Original query was the following:
SELECT COUNT(*) from table1 WHERE field1 IN ('val1','val2') OR field2 IN ('val3','val4');
First benchmark before doing optimization showed me results after 4 minutes.
My first step was to create a compound key (multi-column key) using the field1 and field2.
I created it as following:
ALTER TABLE table1 ADD INDEX `field1_field2_idx` (`field1`,`field2`);
After waiting for 3 hours (you remember I had a table with 40 million records) I was able to continue.
This new compound key does not gave me any performance increase because OR statement was used in the original query.
As some of you know "OR
s are notoriously bad performers, because it splinters the execution path" (from: http://stackoverflow.com/questions/6551682/mysql-indexing-in-an-or-statement).After some thinking I decided to get rid of the OR and create 2 queries instead.
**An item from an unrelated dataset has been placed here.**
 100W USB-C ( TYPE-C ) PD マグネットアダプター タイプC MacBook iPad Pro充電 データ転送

The following 2 queries gave me the same result ( I had the sum up the results):
SELECT COUNT(*) from table1 WHERE field1 IN ('val1','val2') AND field2 NOT IN ('val3','val4');
SELECT COUNT(*) from table1 WHERE field2 IN ('val3','val4');
Now the results were ready after 2 minutes. The first query was almost instant because it used the compound key and the second query took all the time. It was because the index was missing for field2.
So, as a final step I had to add an another index on field2. I used the following command:
ALTER TABLE table1 ADD INDEX `field2_idx` (`field2`);
I had to waite another 3 hours for the index to be ready and finally:
JUST 5 SECS to count rows on 40+ million records' table result was achieved.
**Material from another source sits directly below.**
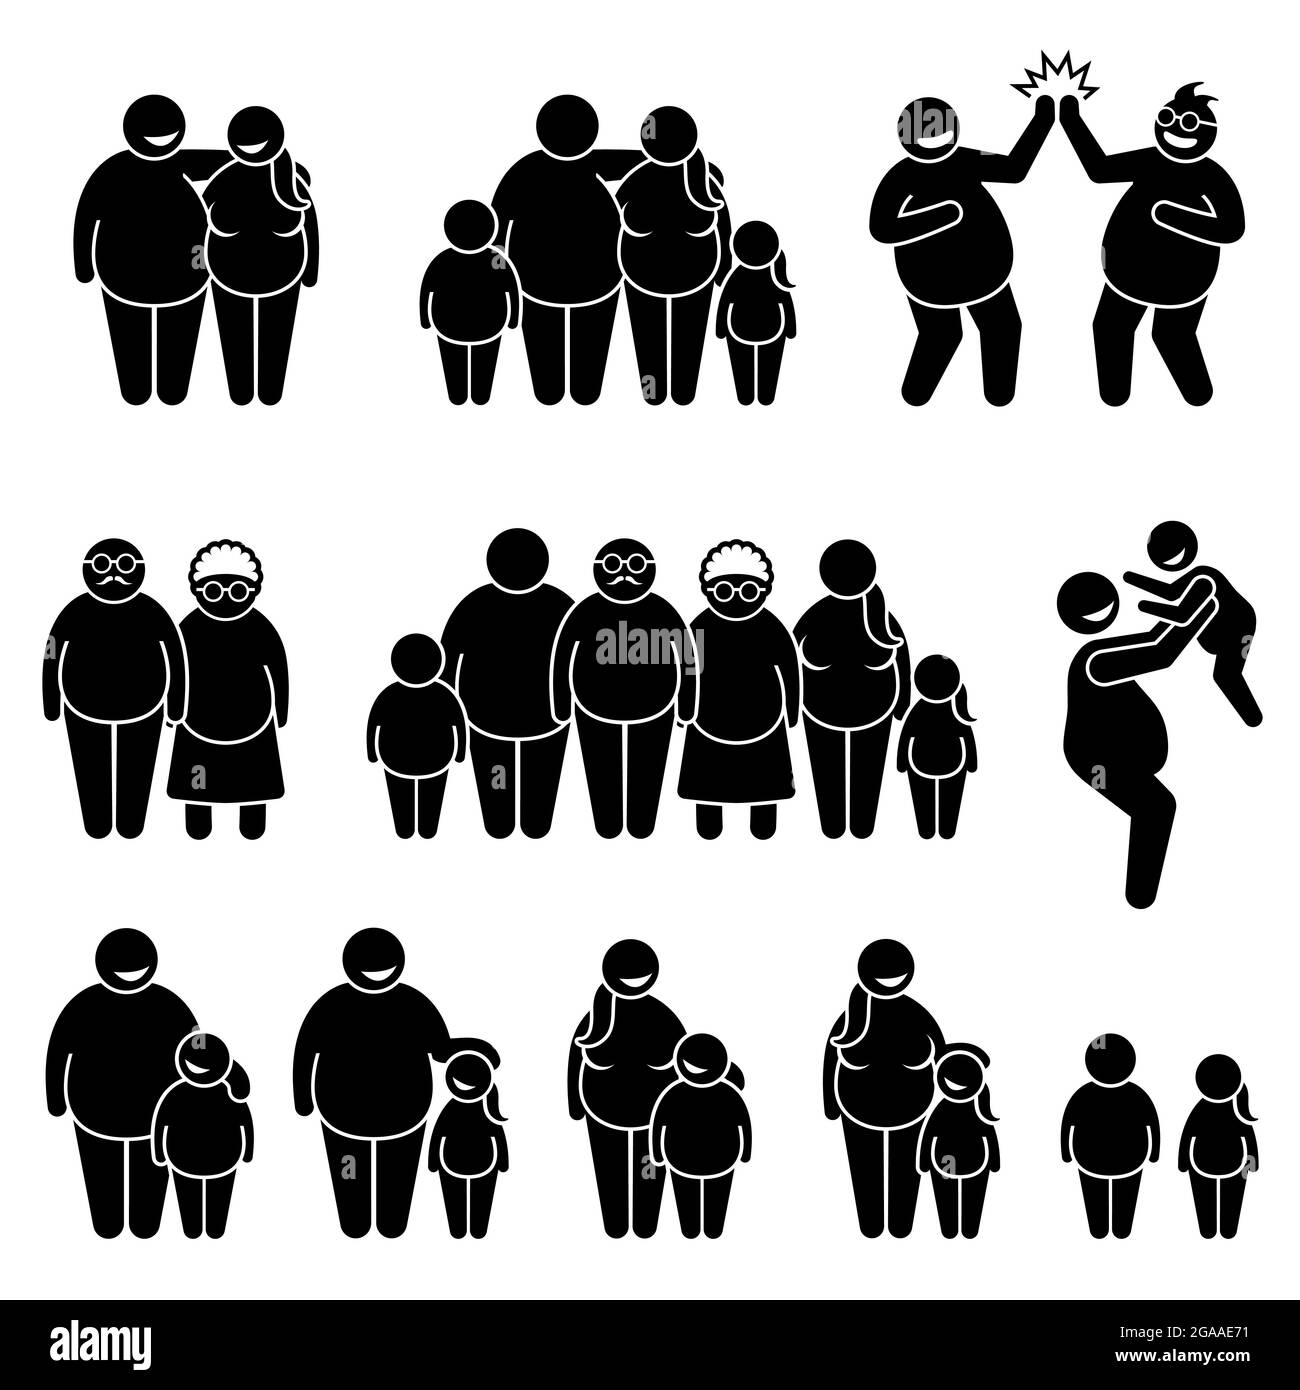 Famiglia di grasso obese sovrappeso persone in piedi insieme bastone figura pittogramma icone. Le illustrazioni vettoriali rappresentano la coppia grassa, la famiglia, il genitore, gli amici, Illustrazione Vettoriale

Hope you will find this information useful in your case.
Best regards,
Yuli
Thanks. Great solution!
ReplyDeleteBased on what you wrote it's possible to remove the field1_field2_idx and have instead field1_idx and field2_idx. Which will result in less wasted space 'cause field1_idx will be a lot smaller than field1_field2_idx.
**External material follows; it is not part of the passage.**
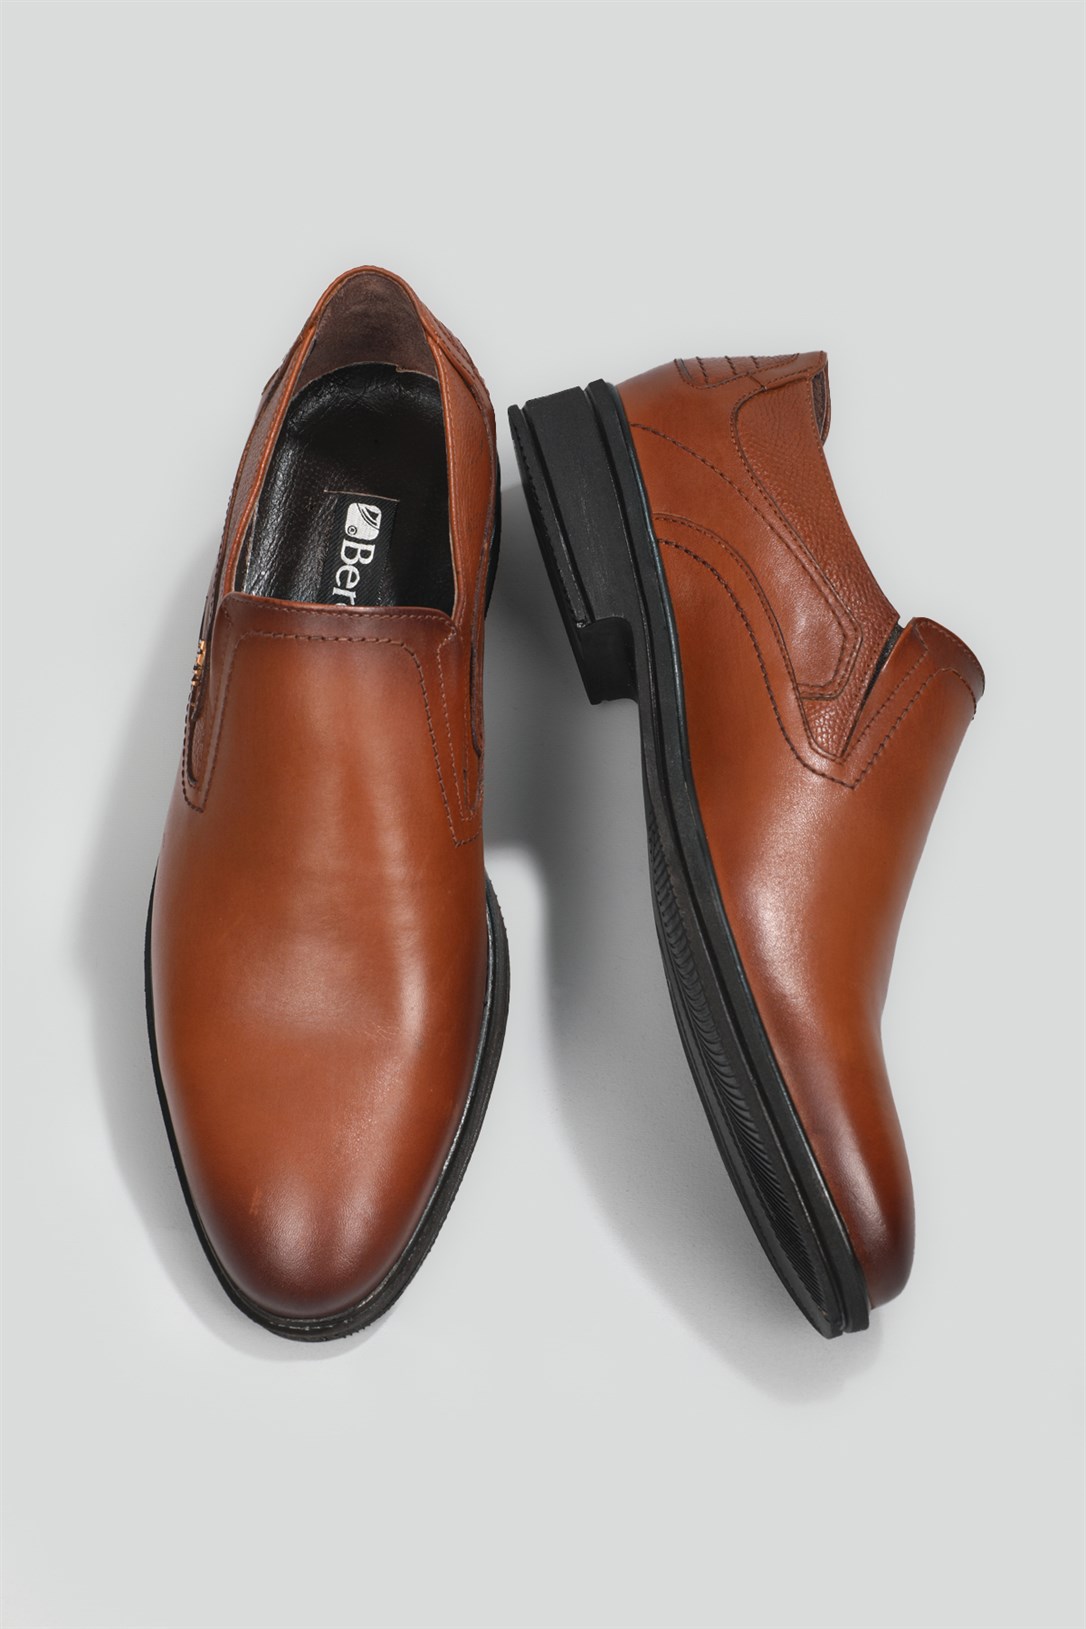 Berenni Deri Klasik Taba Erkek Ayakkabı 570 | Ayakkabı City

ReplyDeleteYes, the field1_field2_idx index can be removed but the query will run a bit slowly.
ReplyDeleteThe system is in production now. I can not provide the benchmarks.
Yuli
Hi Yuli,
ReplyDeleteyou can use the First index only if you just run the SQL
SELECT COUNT(*) from table1 WHERE field1 IN ('val1','val2');
SELECT COUNT(*) from table1 WHERE field2 IN ('val3','val4')
AND field1 NOT IN ('val1','val2');
That will save you having both indexes, but may give you slower performance.
Yes IMO this will be a better solution, I don't think this will give slower performance.
DeleteYes IMO this will be better, I don't think this will give slower performance. Why to have another Index when only first one can do.
DeleteI enϳoy what уоu guyѕ агe up tоо.
ReplyDeleteЅuch cleѵег worκ and ехposurе!
Keeρ up the very good ωorkѕ guys I've included you guys to our blogroll.